Showing posts with label Selfishness. Show all posts
Showing posts with label Selfishness. Show all posts

Wednesday, November 30, 2011

Mud Pies

I am the most discontent and selfish person that I know.

While this is devastating for me to be reminded of on a daily basis, it's so very necessary and I find myself grateful to the God of the Universe who calls me his child that He loves me enough to bring this to my mind.

I've found that the moment I forget how selfish and discontent I am is the moment I begin to think I am something. To think that somehow I've arrived at a better place and pride begins to slip right in, poised to destroy me. I may not admit it or see it that way at first, but that's exactly the problem.

C.S. Lewis said:

 I have never met the man I could despair of after discerning what lies in me apart from the grace of God.

When my pride gets the best of me, that's when I begin to judge.
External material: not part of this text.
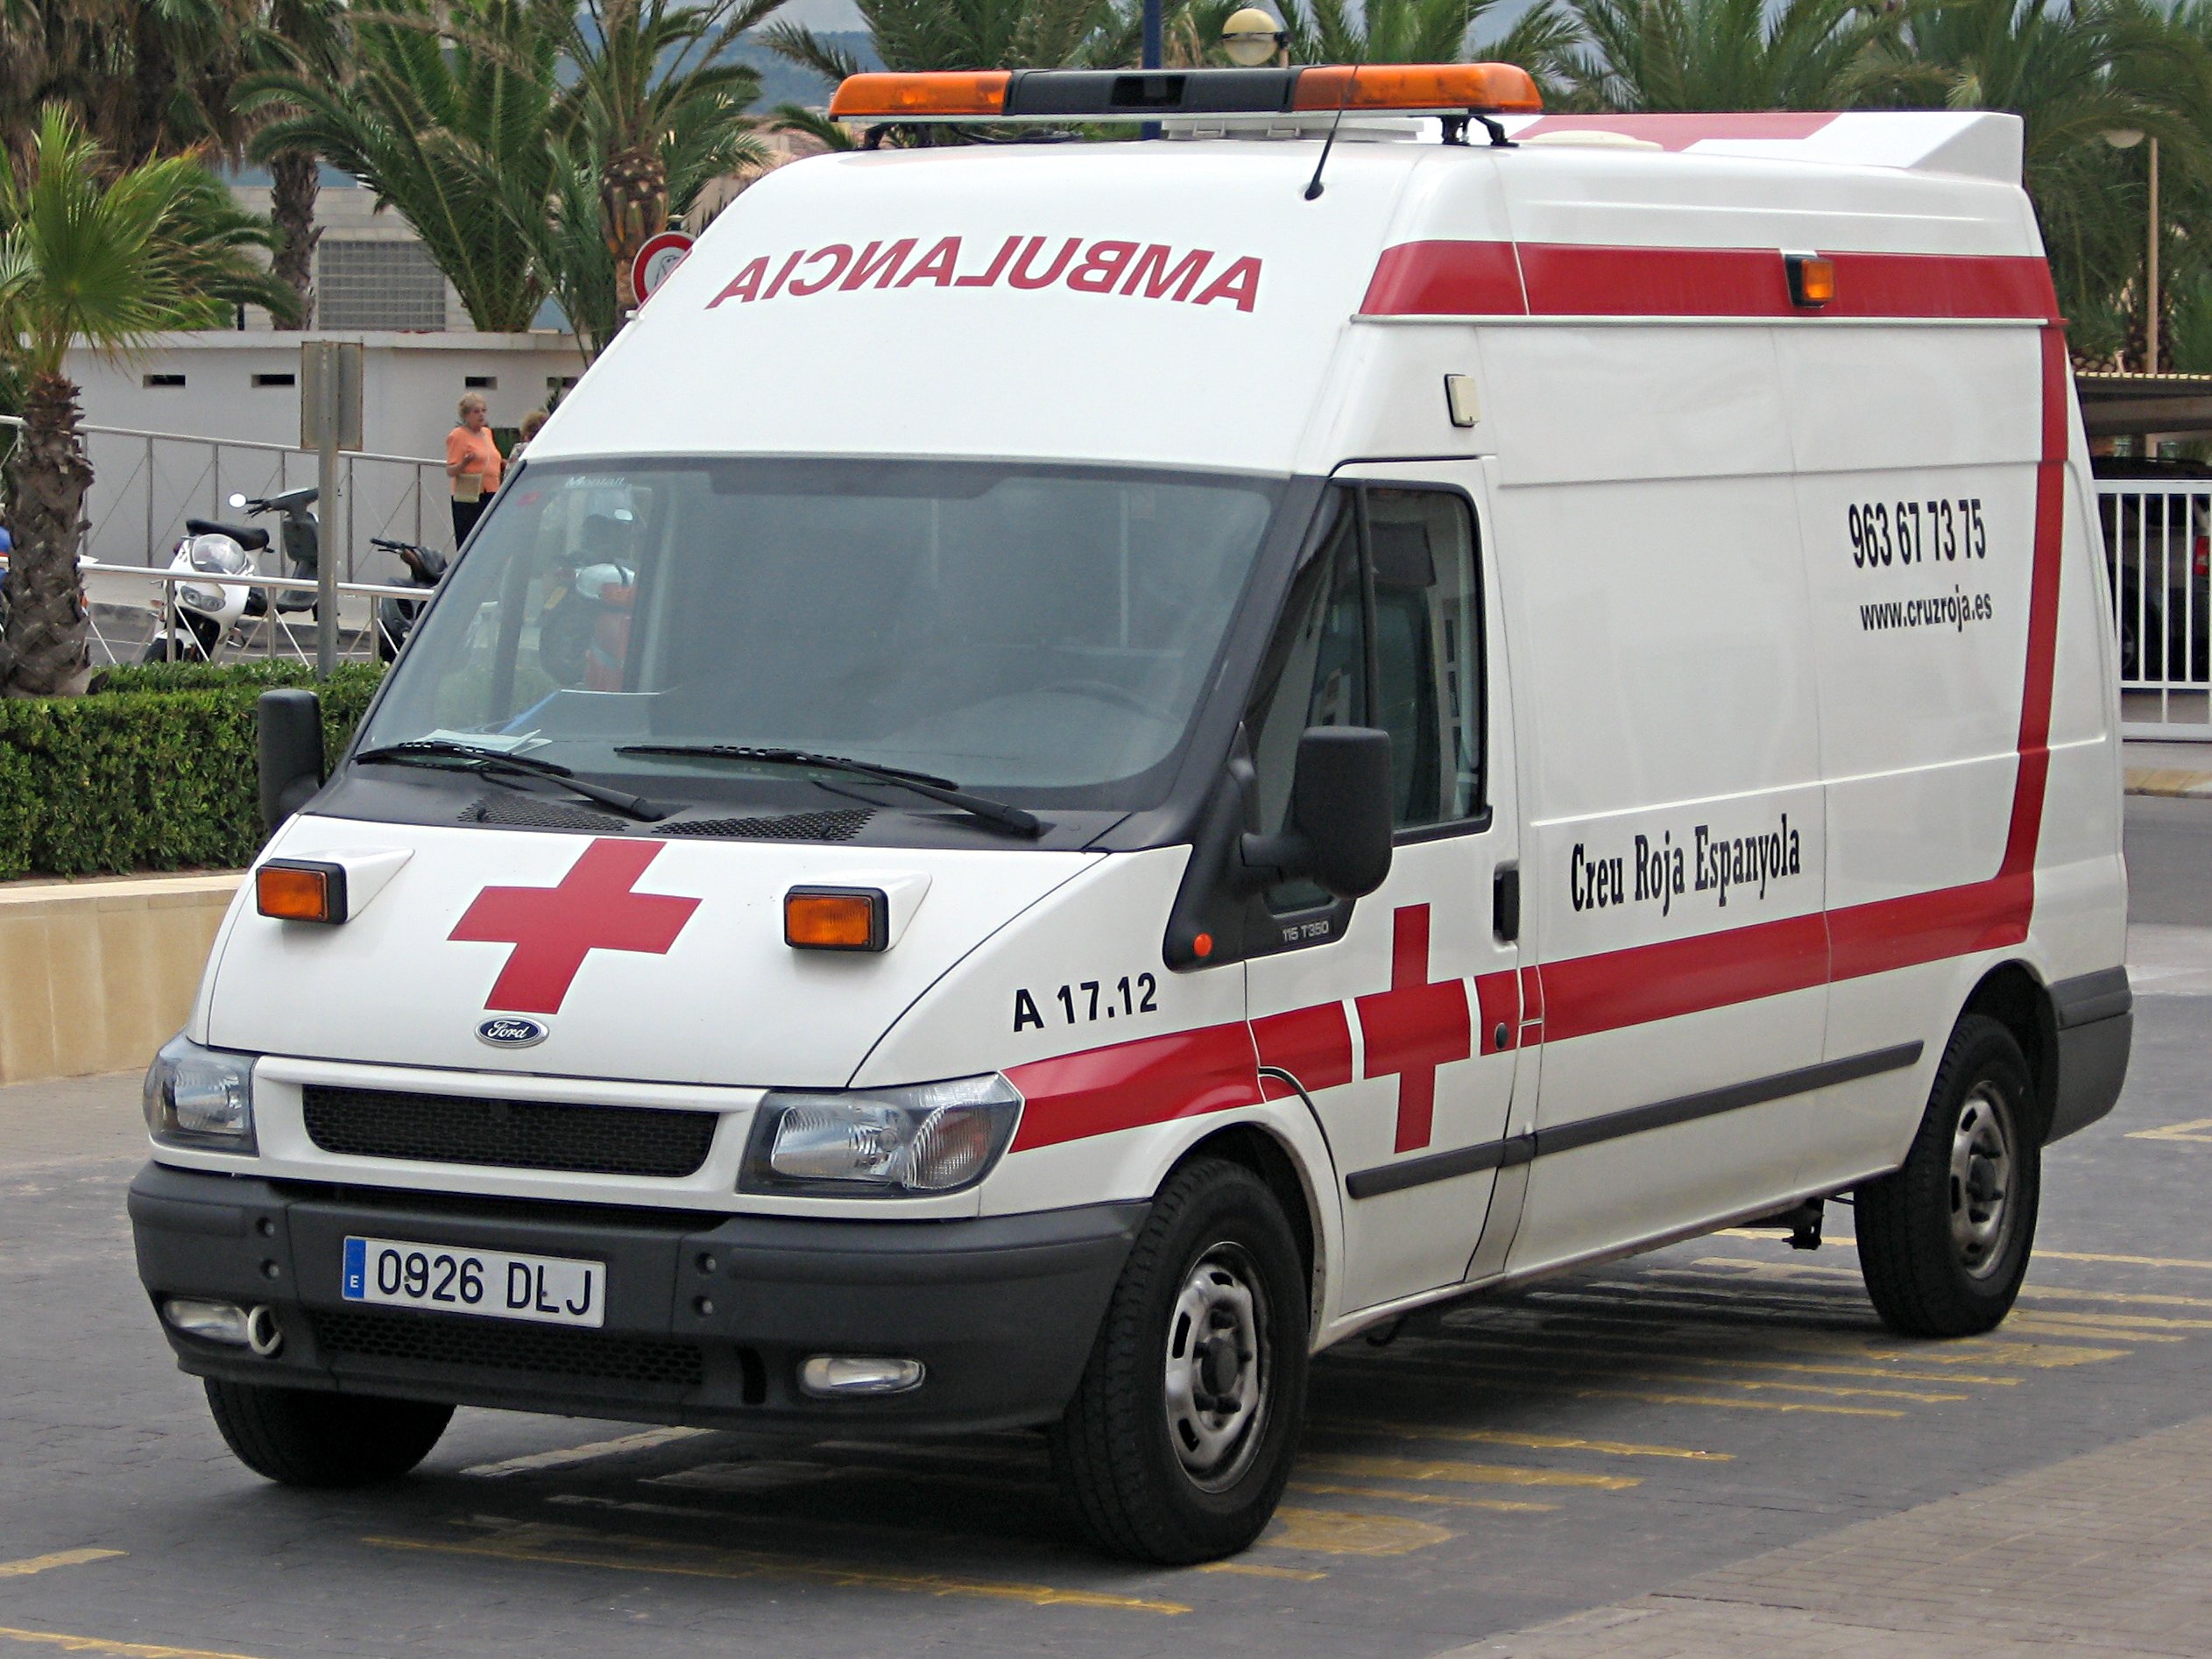 Ambulància Creu Roja

That's when I begin to condemn. That's when I become self-righteous.

When my discontentment gets the best of me, that's when I begin to say in my heart that God is not enough for me. That I need more that what He has given me.

When my selfishness overtakes me, that's when I begin to think I am entitled. That somehow I deserve certain things. That I am worthy.

Hebrews 13.5b says:

Be satisfied with what you have, for He Himself has said, I will never leave you or forsake you.

When I am content in Christ, the fact that I have Him is more than enough to sustain me. And I can have no pride, no selfishness, and no discontentment because I realize that apart from Him, I am nothing.
C.S. Lewis again put it this way:

Indeed, if we consider the unblushing promises of reward and the staggering nature of the rewards promised in the Gospels, it would seem that our Lord finds our desires, not too strong, but too weak. We are half-hearted creatures, fooling around with drink and sex and ambition when infinite joy is offered us, like an ignorant child who wants to go on making mud pies in a slum because he cannot imagine what is meant by the offer of a holiday at the sea. We are far too easily pleased.

Lord, help me desire more than mud pies. Help me to desire You.

Tuesday, March 1, 2011

We Probably Could End World Hunger... But....

I was listening to one of our local Christian radio stations the other day when I heard something that made me say, "Hmmm..." but not in a good way.

It startled me.

I missed the initial question asked by a listener, but from the answer it had something to do with how Christians spend their resources and whether or not it's "ok" to do things like the Music Boat Cruise, a Christian cruise featuring several Christian music artists. I turned up the radio, interested in how the host would answer.

It went something like this:

"I guess we all know that there is more that we can do, but it's not like any of us are going to have our water turned off just because there are people in the world without water. No one does that. I mean, my family is going to go on vacation this year and we'll do things we like to do. I think God looks at your heart and as long as we're doing something.... I mean if we don't sponsor any children, then that's a problem. But as long as we're doing something...."

And here's the kicker:

"I mean, we probably could end world hunger if we never did anything we wanted to do!"

That's the part where, as I mentioned before, I said, "Hmmm".

That's a far cry from what we see in Acts 2.44-47:
"And all who believed were together and had all things in common. And they were selling their possessions and belongings and distributing the proceeds to all, as any had need. And day by day, attending the temple together and breaking bread in their homes, they received their food with glad and generous hearts, praising God and having favor with all the people. And the Lord added to their number day by day those who were being saved."

So that begs the question, what if the Apostles had said, "Well, we probably could spread this good news, but then we wouldn't be able to do anything for ourselves. Besides, God looks at our hearts."

Don't think that would have led to the Lord "adding to their number day by day those who were being saved."

So, while I was initially startled that this came from the mouth of a DJ on a Christian station, my next thought was, "Isn't that the attitude I have?"

Maybe I don't vocalize it like this guy, but there are a lot of areas in my life that say it loud and clear.

What would God be doing through me if I weren't so selfish?